I have tried the Forster and the Hornady trimmers. I switched to the Wilson and can't be happier. I will have a couple in the store soon.


----------



## Ernest (May 21, 2004)

The WFT indexes off the shoulder. It stops automatically at your predetermined setting. It stops because the shoulder of the case prevents any further cutting. 

Some of this is apples to oranges. For precision shooting in a bench rest quality rifle where case length can be important, many of the power driven devices are less than ideal. But, with a 300 blkout or .223 thru a semi, the small variations in length have no real world impact on accuracy/function. Thus, the primary concern is handling a relatively high volume of cases quickly and efficiently.


----------



## Jungle_Jim (Nov 16, 2007)

You folks need to have this one. it is the one I have:
http://www.brianenos.com/store/dillon.case_trim.html


----------



## MrG (Apr 10, 2005)

I usually prep my 223 brass in batches of 200. It takes about 15 minutes to run through a batch with the WFT. I do wear a glove to prevent a blister on my forefinger. I really didn't have any trouble setting it up. And once it's set you're done.


----------



## jaime1982 (Aug 25, 2009)

I havent committed to the WFT just yet, but I did buy this ball handle trimmer(like $7) and I already had the pilot.
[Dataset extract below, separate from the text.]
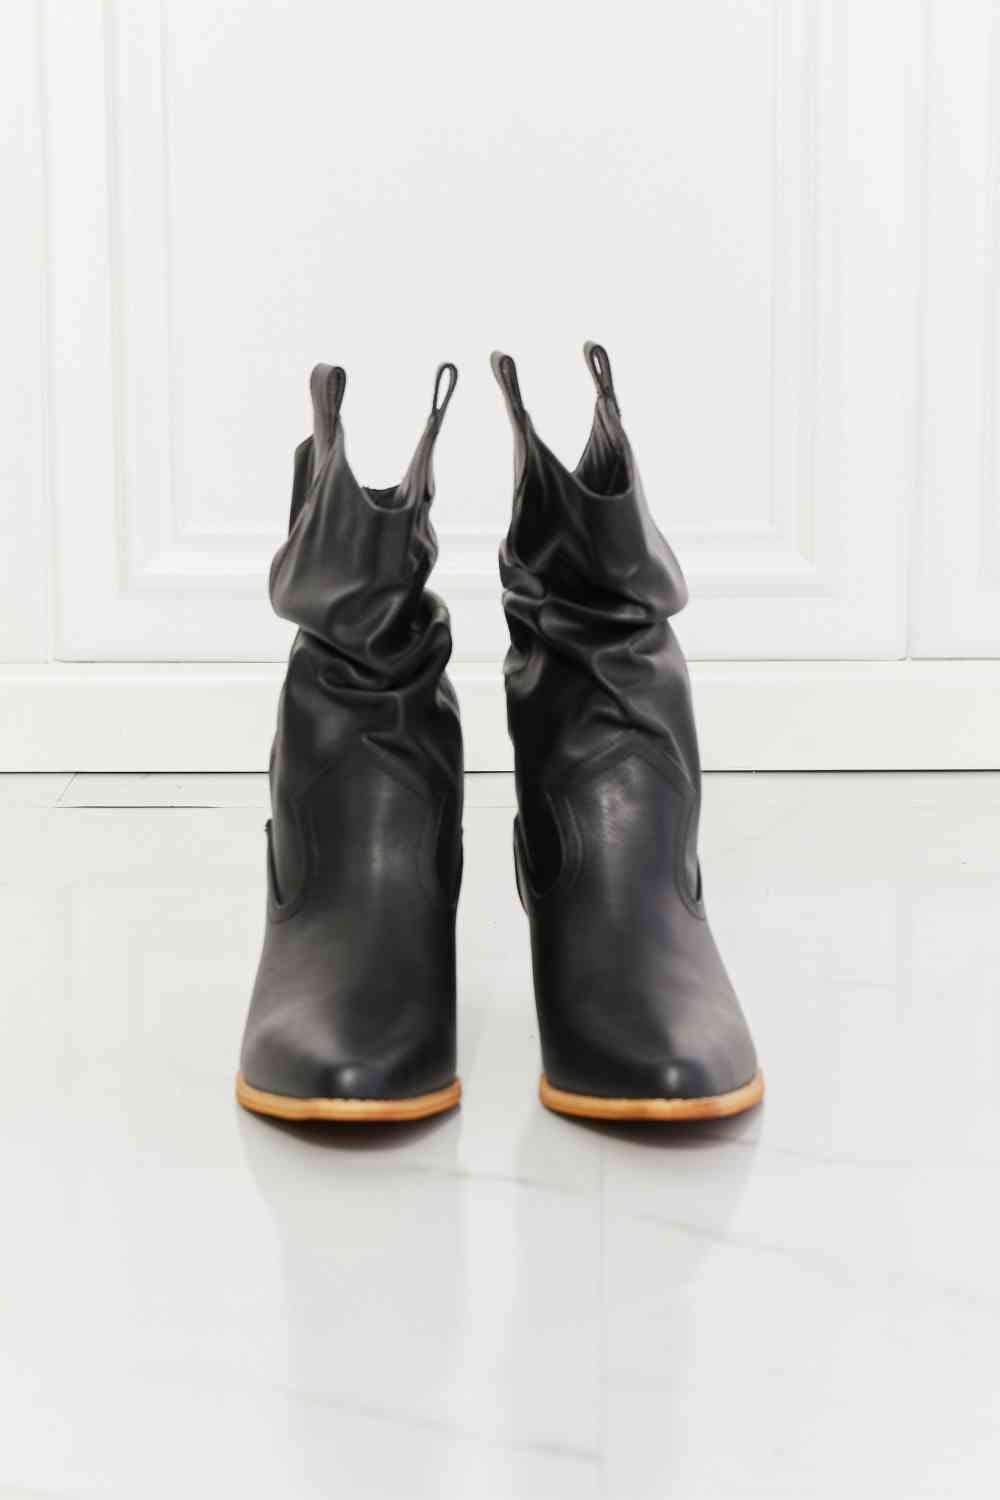 MMShoes Better in Texas Scrunch Cowboy Boots in Black - Fashion Girl Online Store

Its a worlds better than the other one I had with almost no hand fatigue. Im sure its not as fast as the WFT but it wil work for now. Still kinda on the fence about spending that much on the WFT. I trimmed 100 pretty quickly while watching Frozen for the 100th time.


----------



## andre3k (Dec 3, 2012)

Jungle_Jim said:


> You folks need to have this one. it is the one I have:
> http://www.brianenos.com/store/dillon.case_trim.html


I picked up the RT1500 and I still have my Giraud. Trimming brass is about as fun as watching paint dry. These tools were some of the better purchases I've made.


----------



## rundm (Dec 1, 2012)

andre3k said:


> I picked up the RT1500 and I still have my Giraud. Trimming brass is about as fun as watching paint dry. These tools were some of the better purchases I've made.


It looks like you have to have a 650 or 1050 Dillon to use either of the trimmers from Dillon which would be pretty expensive as a one time purchase. I have the Dillons but have my giraud to trim up all my brass since I shoot several diff rounds. The Dillon trimmers would certainly be the bomb if I was forming up tons of 300 black out.


----------



## MrG (Apr 10, 2005)

Just for shtz and giggles I put a stopwatch on the WFT last night. 85 pcs of .223 in 4:28.16


----------